4. Conclusions & Future Work
In this project, a wearable health device capable of transmitting inertial and analog data through a low power protocol was achieved. This device has unique and versatile characteristics that enables it to easily adapt to different use-cases. With very few modifications, the textile piece enables the device placement in any part of the human body. Furthermore, the web cross application turns possible different sensitive data visualization, storing, testing and adjustment, allowing sensors further calibration and validation.
This work relied on the background accomplished during the previous years of using the iHandU system in surgical environments, on a weekly basis. This experience made us aware of the drawbacks that emerge in the quantitative measurement of neurological disorders patients’ movement in a generic way. Furthermore, we realized of the importance of providing a multi-purpose device capable of acquiring movement data in different scenarios and that always ensures the requirements of a comfortable and easy to use wearable device.
In fact, with the system presented in this paper, obstacles such as lack of comfort, difficulty in use and purpose-oriented systems are overcome.

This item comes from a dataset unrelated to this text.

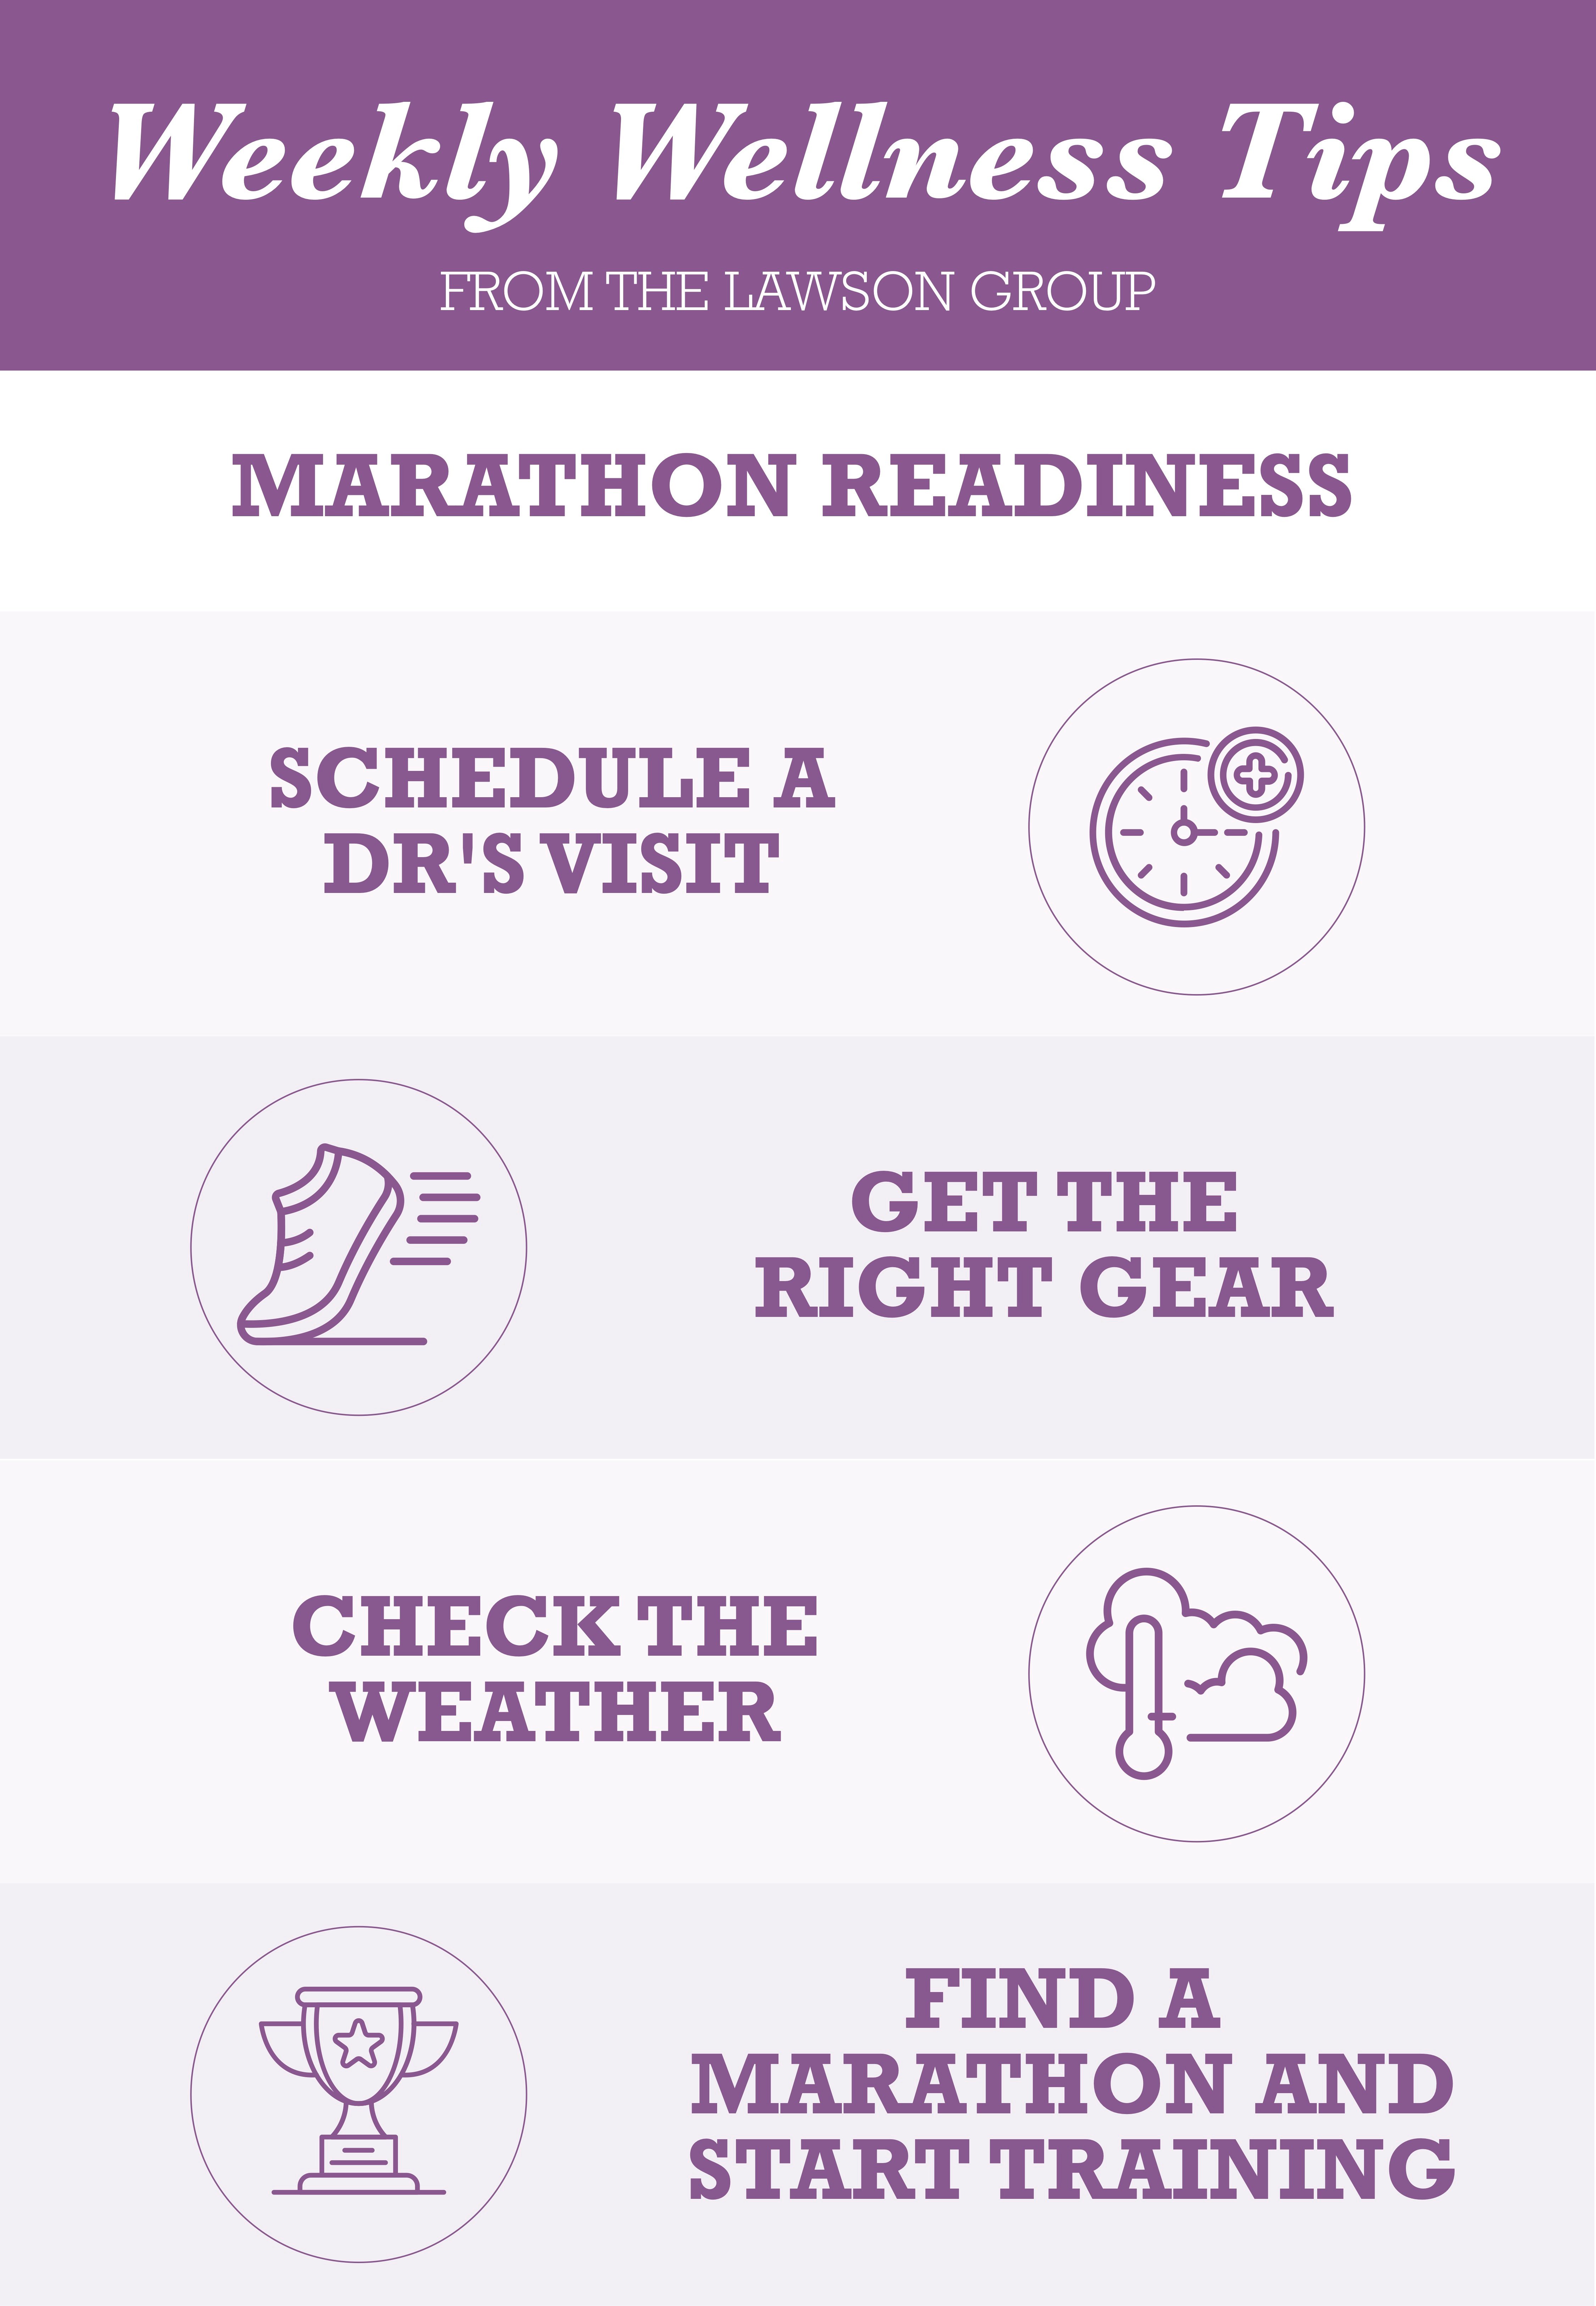 TLG22005 Wellness Tips  Marathon Readiness Infographic

The SnapKi wearable device, besides being designed with special focus on user comfort, it also integrates hypoallergenic textile materials. Its mechanisms to put and remove the wearable were made easier and basic instructions are explicit in the textile band. Furthermore, the device is adaptable to quantify motor symptoms in different parts of the body. It can also measure different sensitive analog information, according to the use-case, without having to change the system all together. Finally, the development of the web application eased the tasks meant to be conducted in lab environment, such as the sensors calibration, validation and configuration adjustments to achieve more reliable data.
As future research, we aim to perform improvements related with the hardware, such as adding the possibility for the user to decide if they wish to acquire the analog data or not, even with the analog sensors being implemented. Additionally, we believe that the hardware size can be reduced, if the circuit work voltage decreases to 1.9 V (work voltage of the ICM-20948), thus eliminating the need of a voltage translator. Besides the hardware improvements, we also intend to explore other textile “snapable” bands for other use-cases that would be adaptable for other body parts, such as tights, knees, head, trunk, wrist, elbow.